What general-purpose compressors don’t see in dates
The subject of my exploration this morning was therefore the compression of dates and time.
More specifically, I was trying to reduce the space taken in a text file by a date such as:
2026-05-11 10:36:19 (19 bytes of text) into a more compact form.
General-purpose compressors work at the byte stream level. For them, 2026-05-11 10:36:19 is not fundamentally a date: it is a sequence of characters.
They can exploit pattern repetitions, but not the fact that this string represents a precise instant, with a known structure: year, month, day, hour, minute, second.

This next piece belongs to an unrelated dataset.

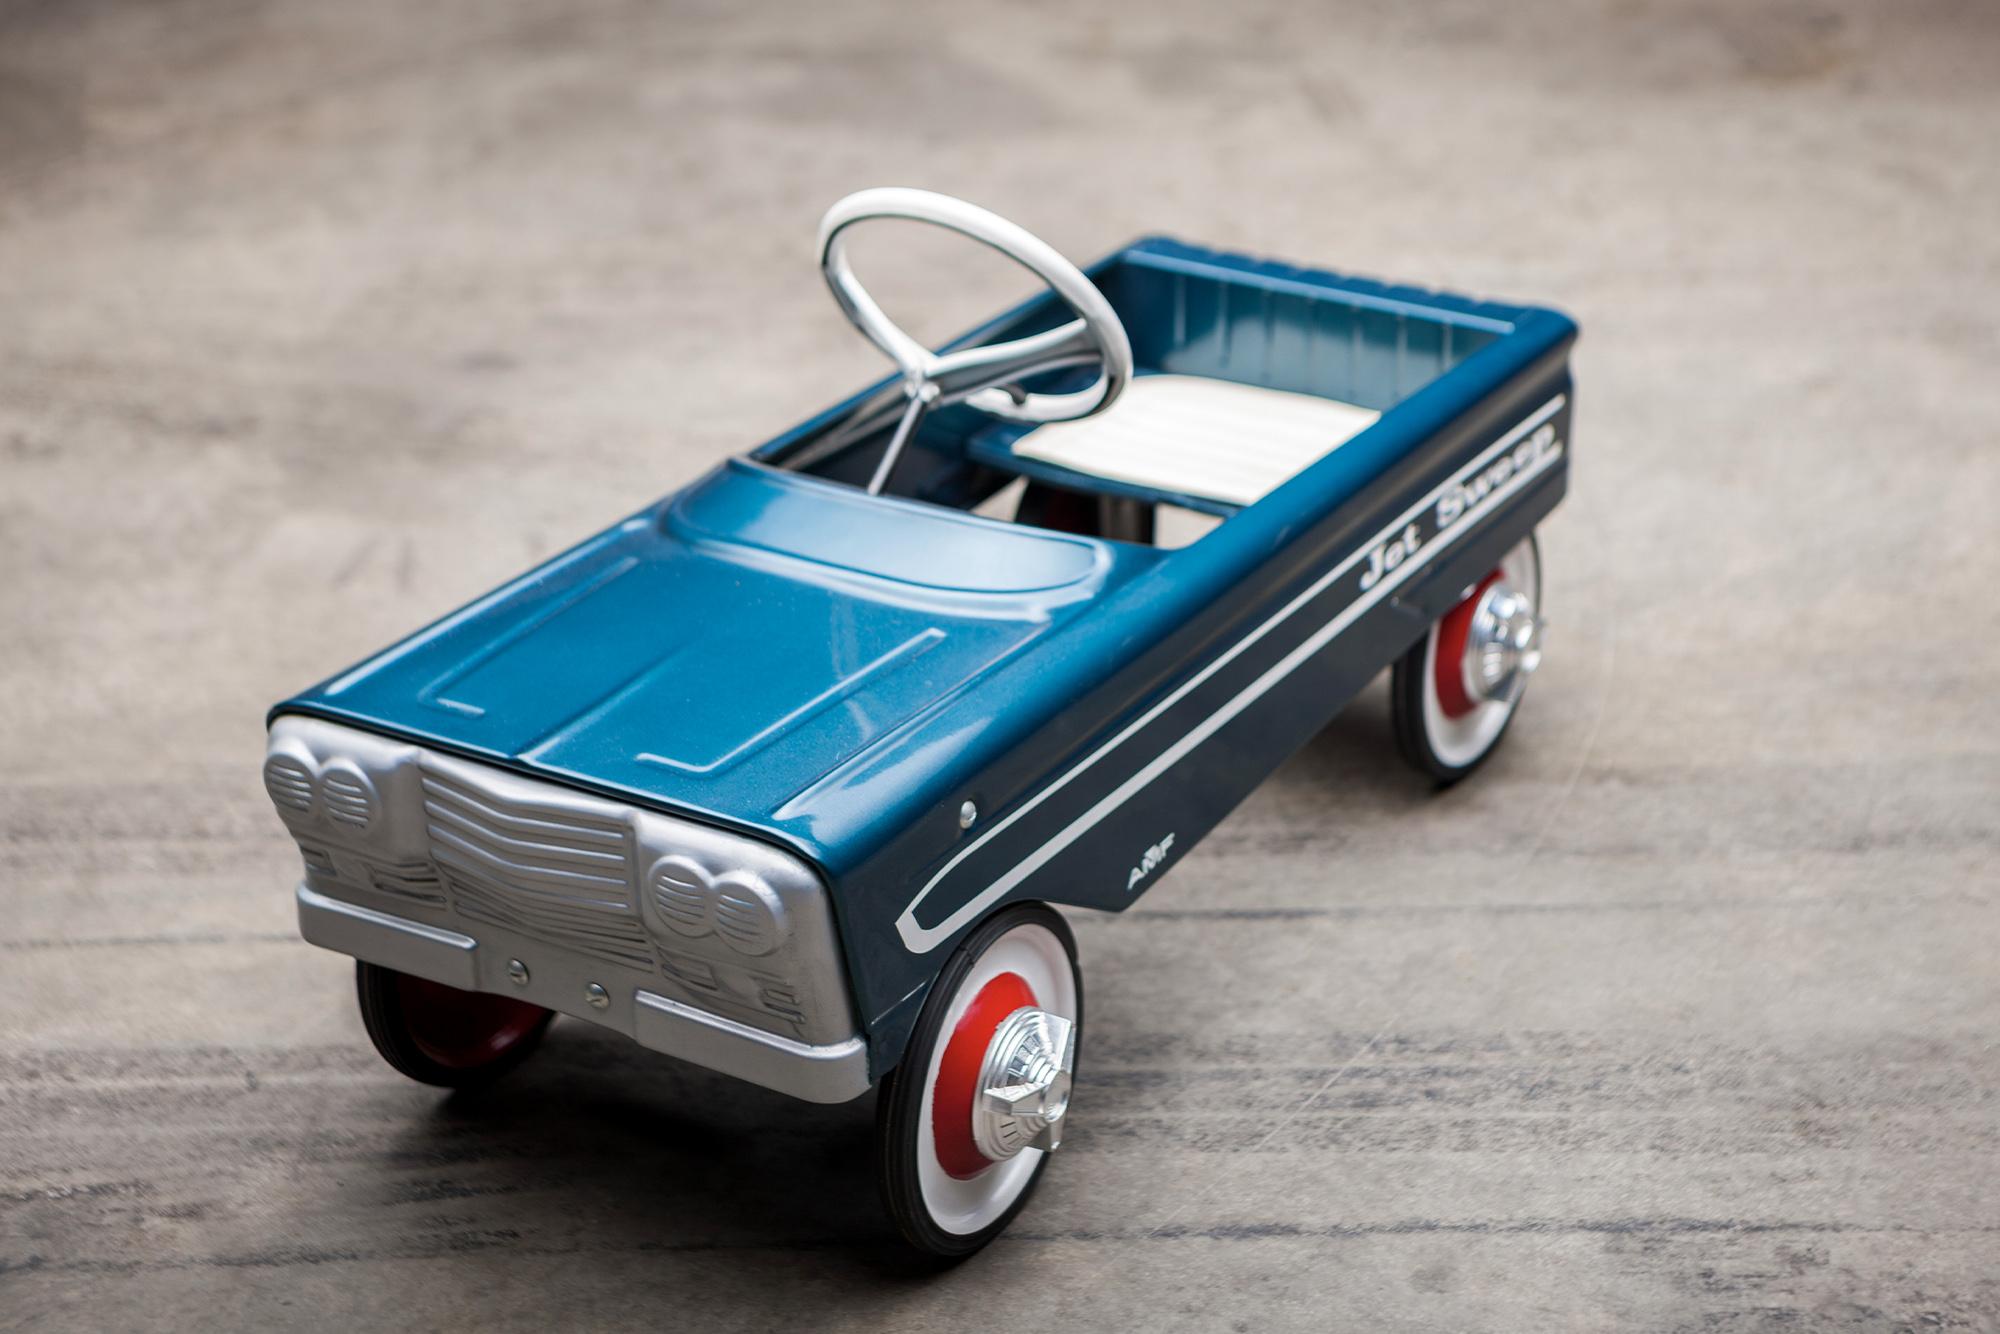 Jet Sweep pedal car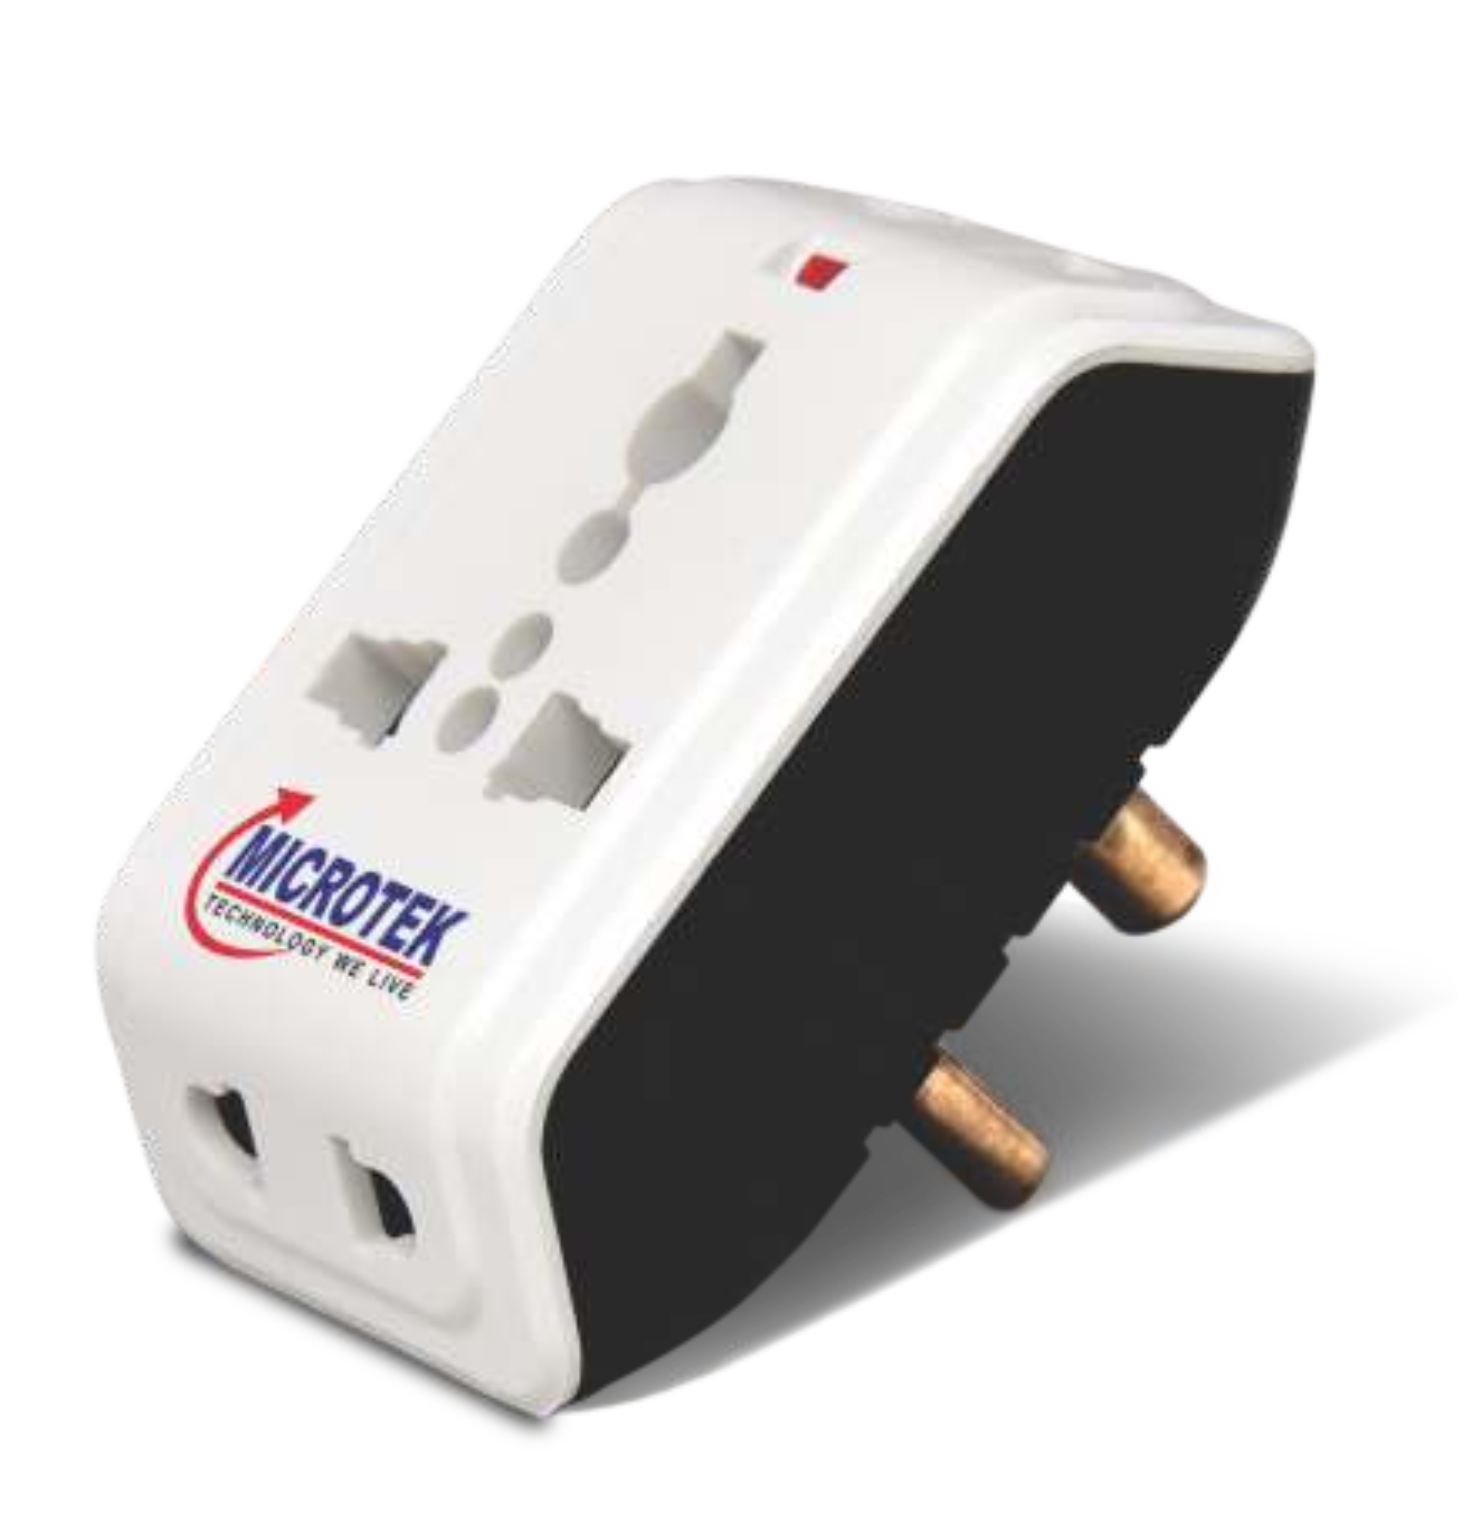 Multiplug Adaptor, 6A, 240V

This difference in perspective changes everything. Where a general-purpose compressor sees a string of characters, Metarc can recognize a structure: an instant, a format, sometimes a timezone, sometimes a precision in milliseconds or nanoseconds.

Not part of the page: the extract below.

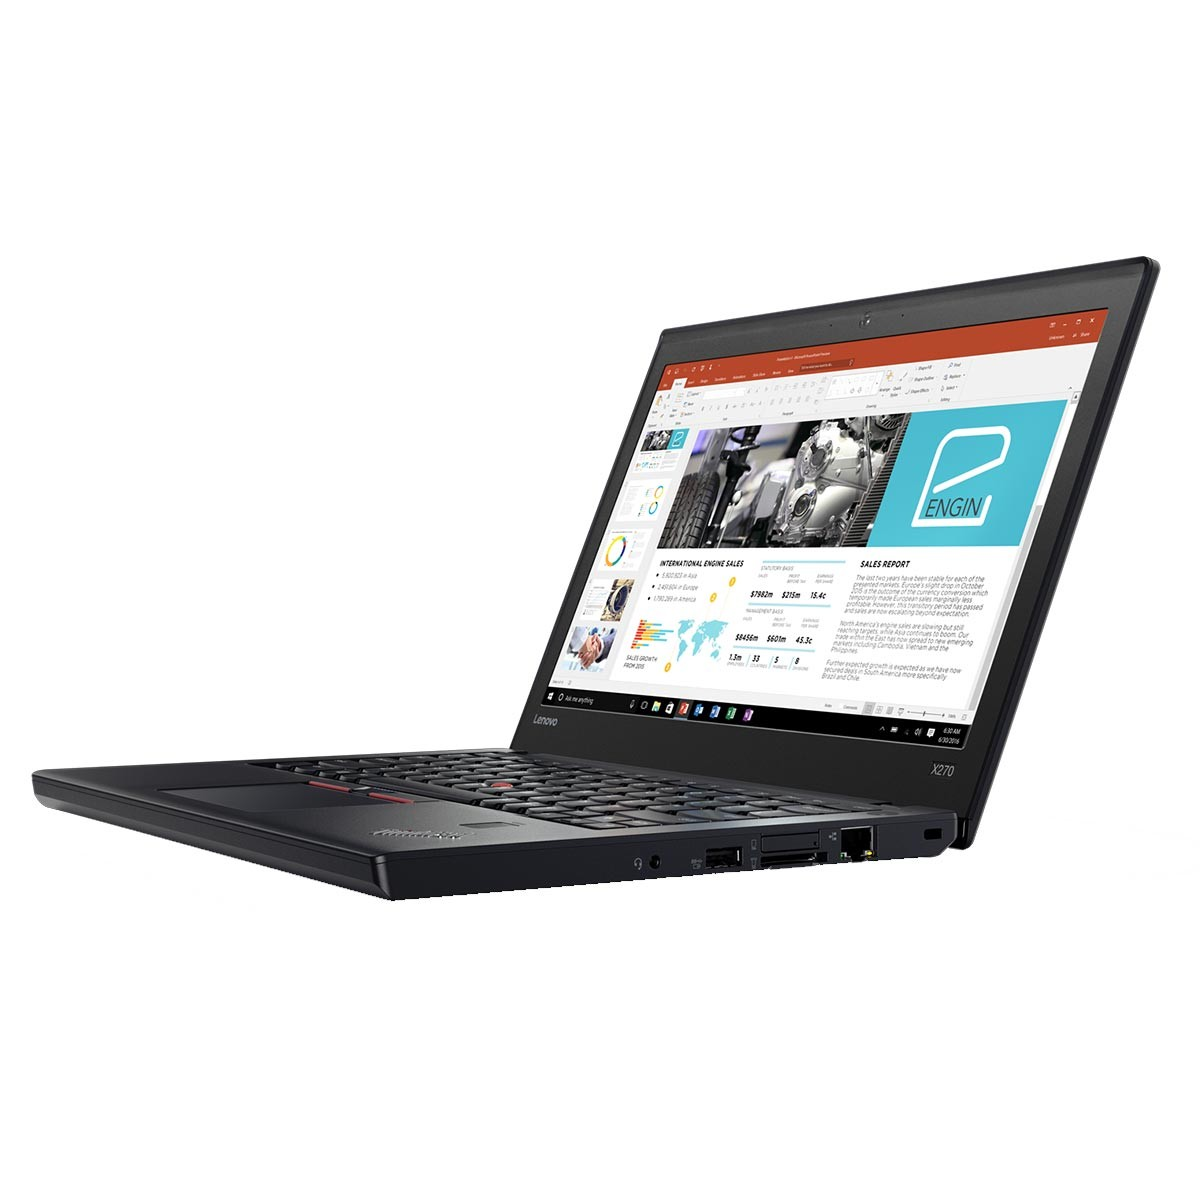 Lenovo™ ThinkPad® X270 Notebook-Konfigurator Modell 20HN-CTO

But to prove it, I needed a realistic test set…
Log files as an experimentation ground
To test this idea, log files were the obvious ground. They contain many dates, in various formats, with a very concrete constraint: you must be able to restore exactly the original text.
Effectively compressing a date while keeping enough information to restore it in its original textual format imposes three constraints:
- Limit the complexity of detection/compression.
- Minimize the size of format metadata.
- Compress the most frequent formats first.
The last point is crucial: the more formats I support, the more information I must store to distinguish them. Up to 256 formats, one byte is enough. Beyond that, two are needed. The size/variety trade-off is permanent.
While looking for the most common formats on my laptop (RFC 3339, ISO 8601, MacOS), I quickly understood that the standards hid a forest of variants. My list quickly turned into a Prévert-style inventory:
- ISO 8601 with nanoseconds UTC
- ISO 8601 UTC
- ISO 8601 with offset
- RFC 3339 with nanoseconds and offset
- …
To validate the principle, no need to be exhaustive: a sufficiently widespread reduced subset should allow compression on most encountered cases.
From there, the transformation applied by Metarc can be understood in three steps.
Step 1 — Reduce the instant: from text to timestamp
A dated moment is a point on a timeline. If you choose an origin, in computing often January 1st 1970, it can be represented by a simple distance to that origin.
Thus, the date 2026-05-11 10:36:19 in Paris (summer time) is exactly 1778488579 seconds away from January 1st 1970. In computing, this instant can be represented by a Unix timestamp.
Metarc encodes the instant in fixed numeric form on 8 bytes, with a granularity sufficient for the modern log formats targeted. With 8 bytes the gain is spectacular: we transform a textual string of 19 bytes into a fixed numeric block of 8 bytes, even if the date appears only once in the file.
This has two important consequences for metacompression:
- Part of the gain comes from understanding the structure, not just from repetition.
- Unlike classical statistical compression, a unique date can already be reduced efficiently.
Step 2 — Restore exactly: the format problem
At this stage, we have only solved half of the problem. Because the instant can be represented in a multitude of formats.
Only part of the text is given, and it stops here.